The acutely sensitive researcher stays late after work to feed into the computer new variables that he hopes will prove his suspicions to be correct.
The Florida guy with animal magnetism and alligator shoes takes the microphone at the city council meeting and wins support for a new dog walk behind the crumbling industrial park.
The Dorothy Parker of the fast food set opens the day with a breakfast burrito and a brilliant retort addressed at a belching bus carrying Catholic girls down the straight and narrow.
The bourgeois poet with bags under his eyes secures another blanket for the night by taking down an ornamental banner from the wall of lost causes.
The crazy American editor living in Myanmar heads for the border hoping for another strip search serenade to make his day.
The senior citizens lock heads over a game of chess on the back porch while Sixty Minutes gets to the bottom of the vice president on a portable TV.
The exhausted wife sits in the center of her garden and glows while a wayward husband inflicts his wrath on the corporate world and future children remain frozen in time.
The good son takes out the trash without being asked, runs a bath for his little sister, removes his toy soldiers from the dinner table, reads more Edgar Allan Poe, keeps all evil thoughts to himself.
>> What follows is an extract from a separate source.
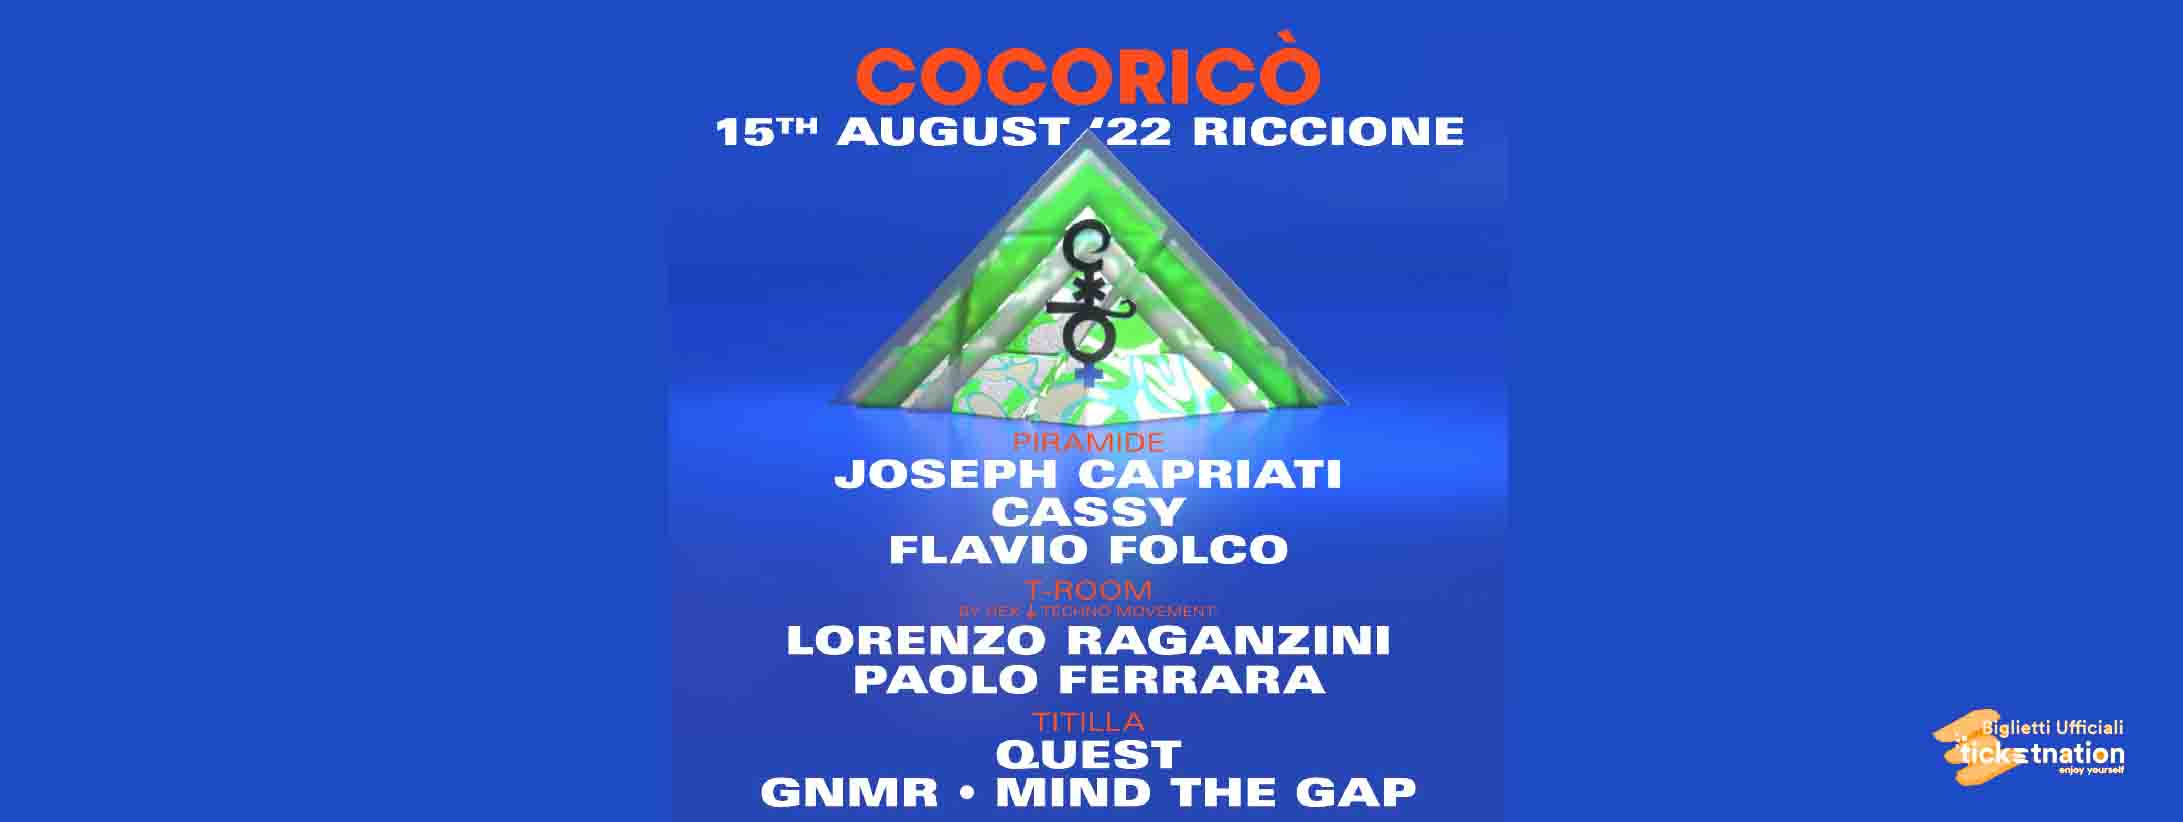 Joseph-capriati-cocorico-15-agosto-2022

The loitering crow eyes the remains of a sweet and sour TV dinner that had been purposely dumped at the edge of the driveway before the first sprinkle had turned into a downpour.
The young woman who had just outmaneuvered a brown bear is clipped by a passing car before she has had a chance to change her luck.
The family of skunks runs into a wounded possum behind the prison chapel on a moonlit night in July.
The fire victims appear on the network news in order to thank their lucky but singed stars that the winds died down long enough for the water drops to blanket the remaining structures.
The movie people point the bright lights toward the mausoleum and call for action.
The light changes from red to green allowing a well-equipped infantry of middle school recruits to advance into a hapless neighborhood with full carte blanche privileges.
The morning sky brushes up against a battered sphinx that has been nervously shaking off its protective scaffolding.
The local librarian with an imported limp posts teenage constellations above the sliding doors to the meeting room where Earth Day becomes latticework for the undead.
The Santa Ana wind carries all the crickets rescued from bathtubs, sinks, and closets on a new journey across the deserted streets of commerce.
The midnight coyotes rush north to drink from a glistening trench that has been cut near exposed sprinkler heads.
The homeless man returns to his side of the philosophical divide with a skinny dog under his feet.